Metabolism of endogenous agents
CYP1A1 also metabolizes polyunsaturated fatty acids into signaling molecules that have physiological as well as pathological activities.  CYP1A1 has monoxygenase activity in that it metabolizes arachidonic acid to 19-hydroxyeicosatetraenoic acid (19-HETE) (see 20-Hydroxyeicosatetraenoic acid) but also has epoxygenase activity in that it metabolizes docosahexaenoic acid to epoxides, primarily 19R,20S-epoxyeicosapentaenoic acid and 19S,20R-epoxyeicosapentaenoic acid isomers (termed 19,20-EDP) and similarly metabolizes eicosapentaenoic acid to epoxides, primarily 17R,18S-eicosatetraenoic acid and 17S,18R-eicosatetraenoic acid isomers (termed 17,18-EEQ). Synthesis of 12(S)-HETE by CYP1A1 has also been demonstrated. 19-HETE is an inhibitor of 20-HETE, a broadly active signaling molecule, e.g. it constricts arterioles, elevates blood pressure, promotes inflammation responses, and stimulates the growth of various types of tumor cells; however the in vivo ability and significance of 19-HETE in inhibiting 20-HETE has not been demonstrated (see 20-Hydroxyeicosatetraenoic acid).

The EDP (see Epoxydocosapentaenoic acid) and EEQ (see epoxyeicosatetraenoic acid) metabolites have a broad range of activities.
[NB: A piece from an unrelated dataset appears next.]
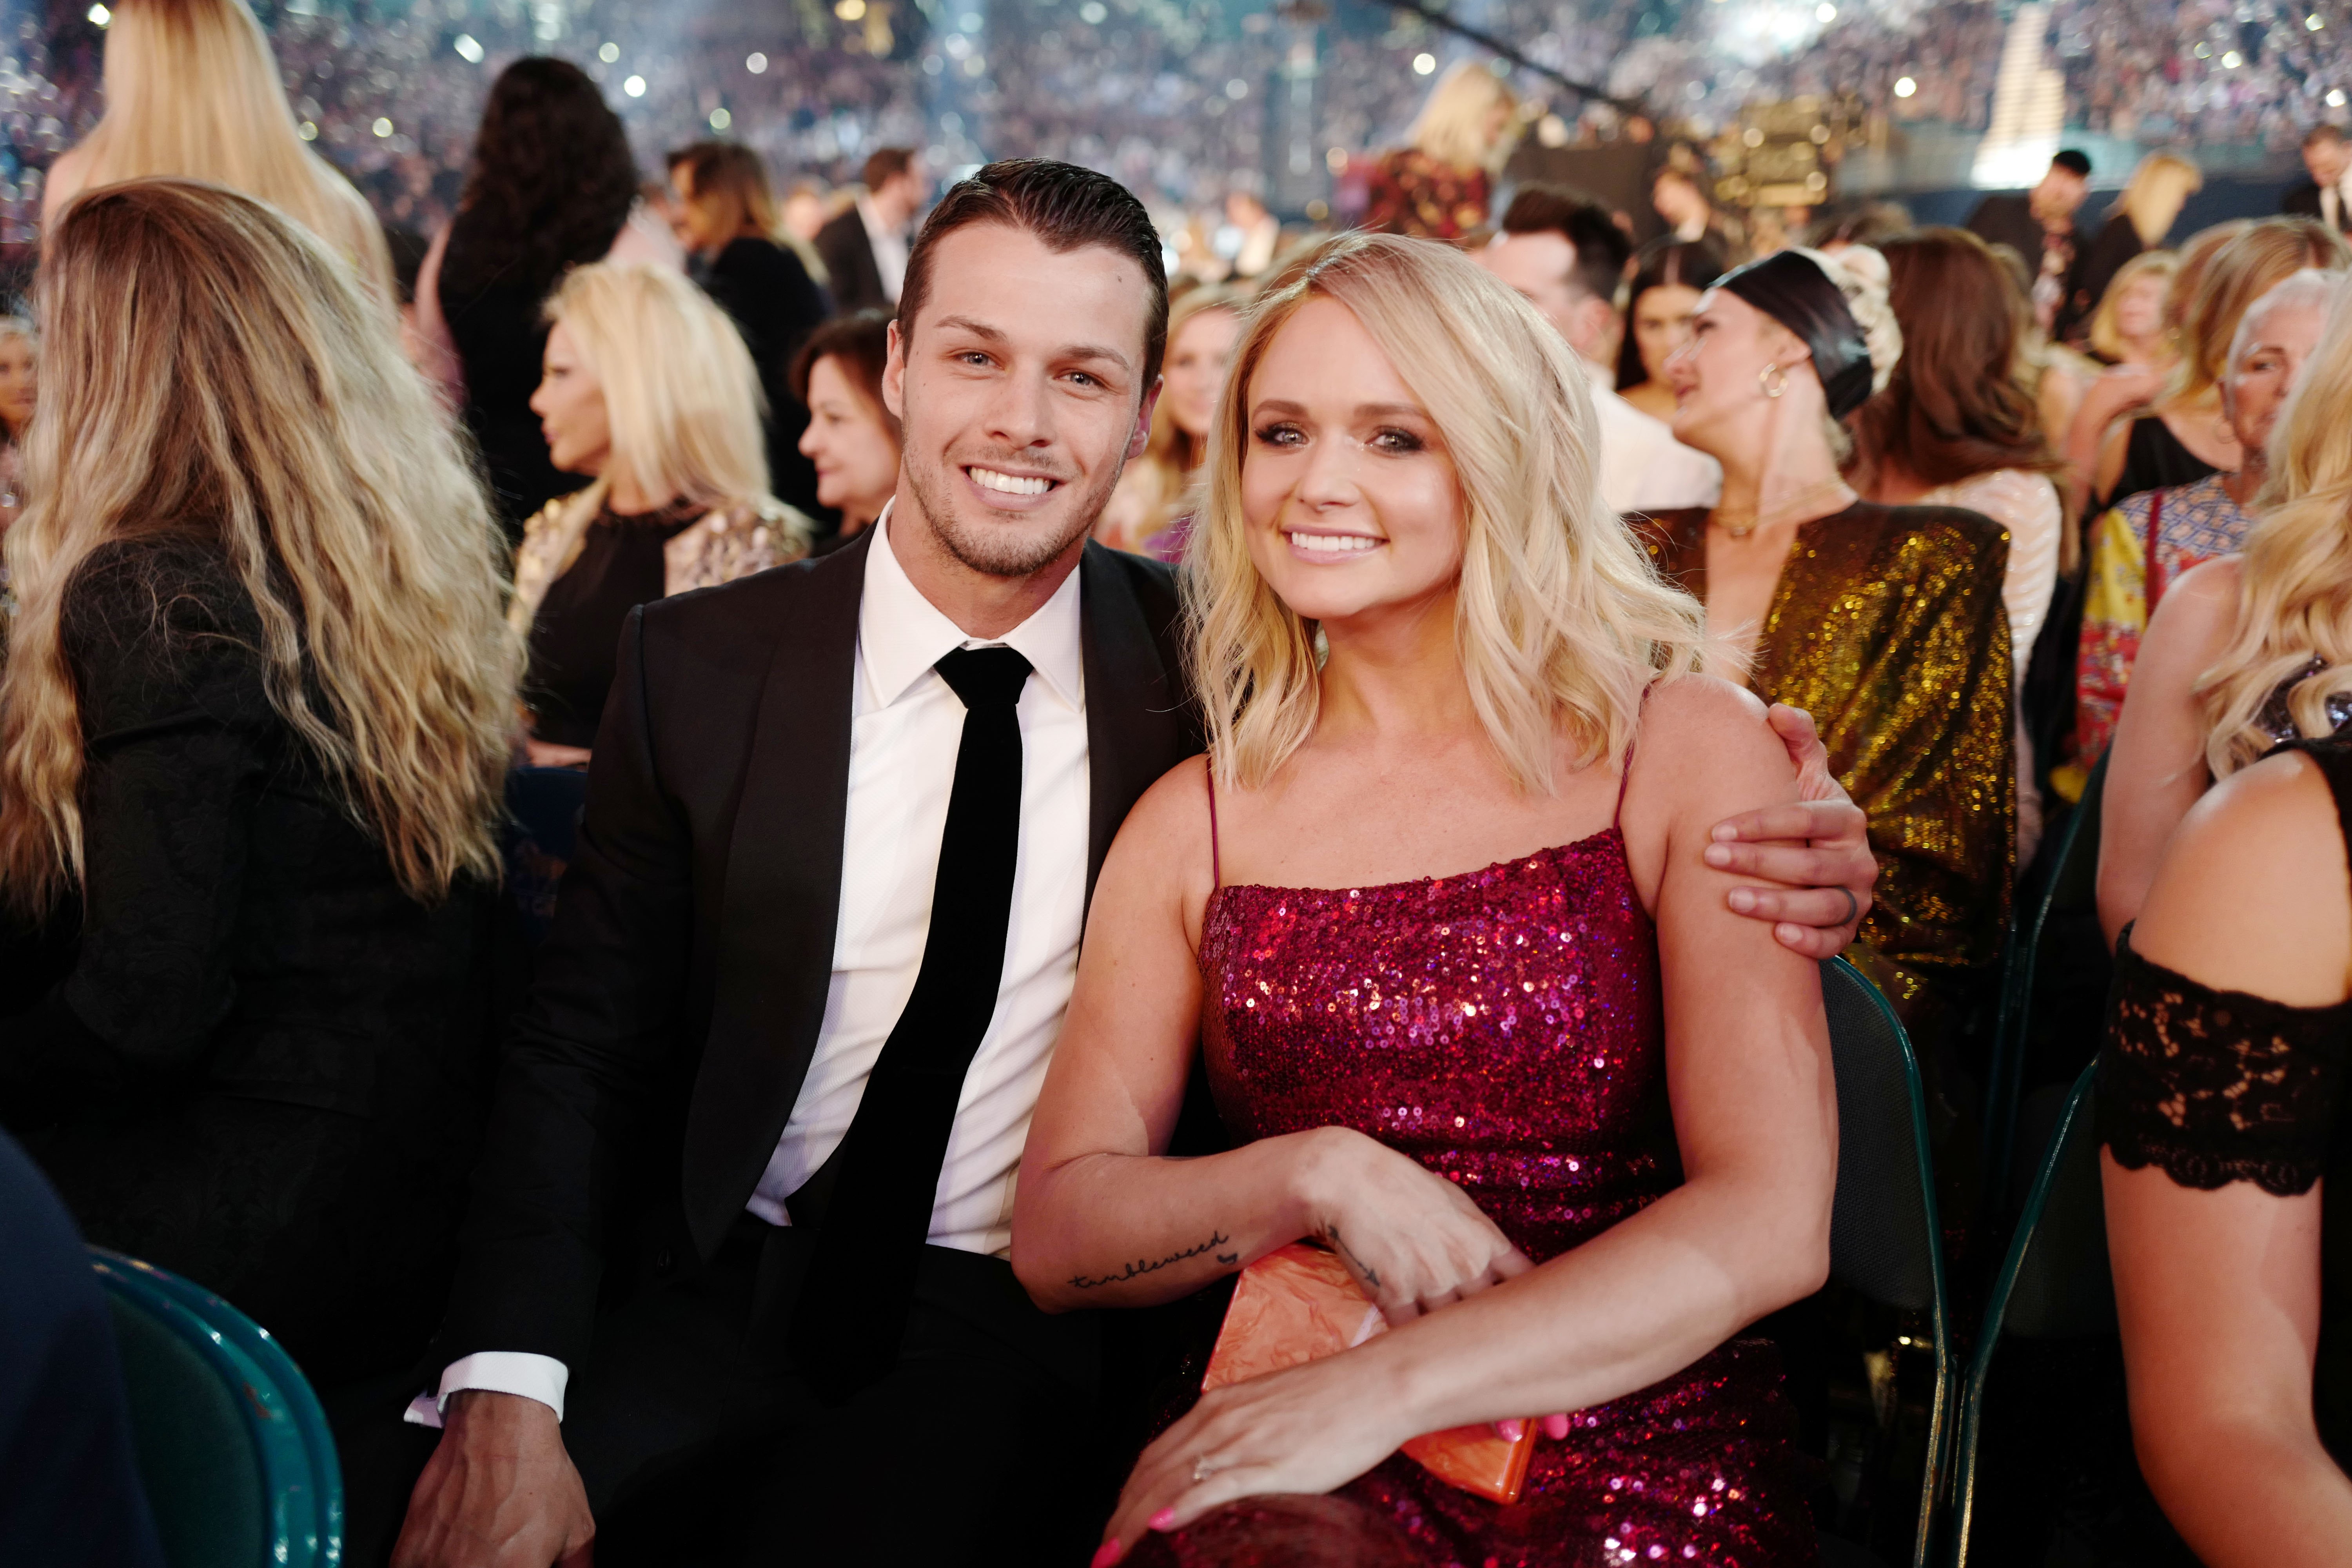 Brendan McLoughlin and Miranda Lambert attend the 54th Academy Of Country Music Awards at MGM Grand Garden Arena on April 07, 2019, in Las Vegas, Nevada. | Source: Getty Images.

In various animal models and in vitro studies on animal and human tissues, they decrease hypertension and pain perception; suppress inflammation; inhibit angiogenesis, endothelial cell migration and endothelial cell proliferation; and inhibit the growth and metastasis of human breast and prostate cancer cell lines. It is suggested that the EDP and EEQ metabolites function in humans as they do in animal models and that, as products of the omega-3 fatty acids, docosahexaenoic acid and eicosapentaenoic acid, the EDP and EEQ metabolites contribute to many of the beneficial effects attributed to dietary omega-3 fatty acids.  EDP and EEQ metabolites are short-lived, being inactivated within seconds or minutes of formation by epoxide hydrolases, particularly soluble epoxide hydrolase, and therefore act locally. CYP1A1 is one of the main extra-hepatic cytochrome P450 enzymes; it is not regarded as being a major contributor to forming the cited epoxides but could act locally in certain tissues such as the intestine and in certain cancers to do so.

Regulation
The expression of the CYP1A1 gene, along with that of CYP1A2/1B1 genes, is regulated by a heterodimeric transcription factor that consist of the aryl hydrocarbon receptor, a ligand activated transcription factor, and the aryl hydrocarbon receptor nuclear translocator.
In the intestine, but not the liver, CYP1A1 expression moreover depends on TOLL-like receptor 2 (TLR2), which recognizes bacterial surface structures such as lipoteichoic acid. Additionally, the tumour suppressor p53 has been shown to impact CYP1A1 expression thereby modulating the metabolic activation of several environmental carcinogens such as PAHs.

Polymorphisms
Several polymorphisms have been identified in CYP1A1, some of which lead to more highly inducible AHH activity. CYP1A1 polymorphisms include:
 M1, T→C substitution at nucleotide 3801 in the 3'-non-coding region
 M2, A→G substitution at nucleotide 2455 leading to an amino acid change of isoleucine to valine at codon 462
 M3, T→C substitution at nucleotide 3205 in the 3'-non-coding region
 M4, C→A substitution at nucleotide 2453 leading to an amino acid change of threonine to asparagine at codon 461

The highly inducible forms of CYP1A1 are associated with an increased risk of lung cancer in smokers.  (Reference = Kellerman et al., New Eng J Med 1973:289;934-937) Light smokers with the susceptible genotype CYP1A1 have a sevenfold higher risk of developing lung cancer compared to light smokers with the normal genotype.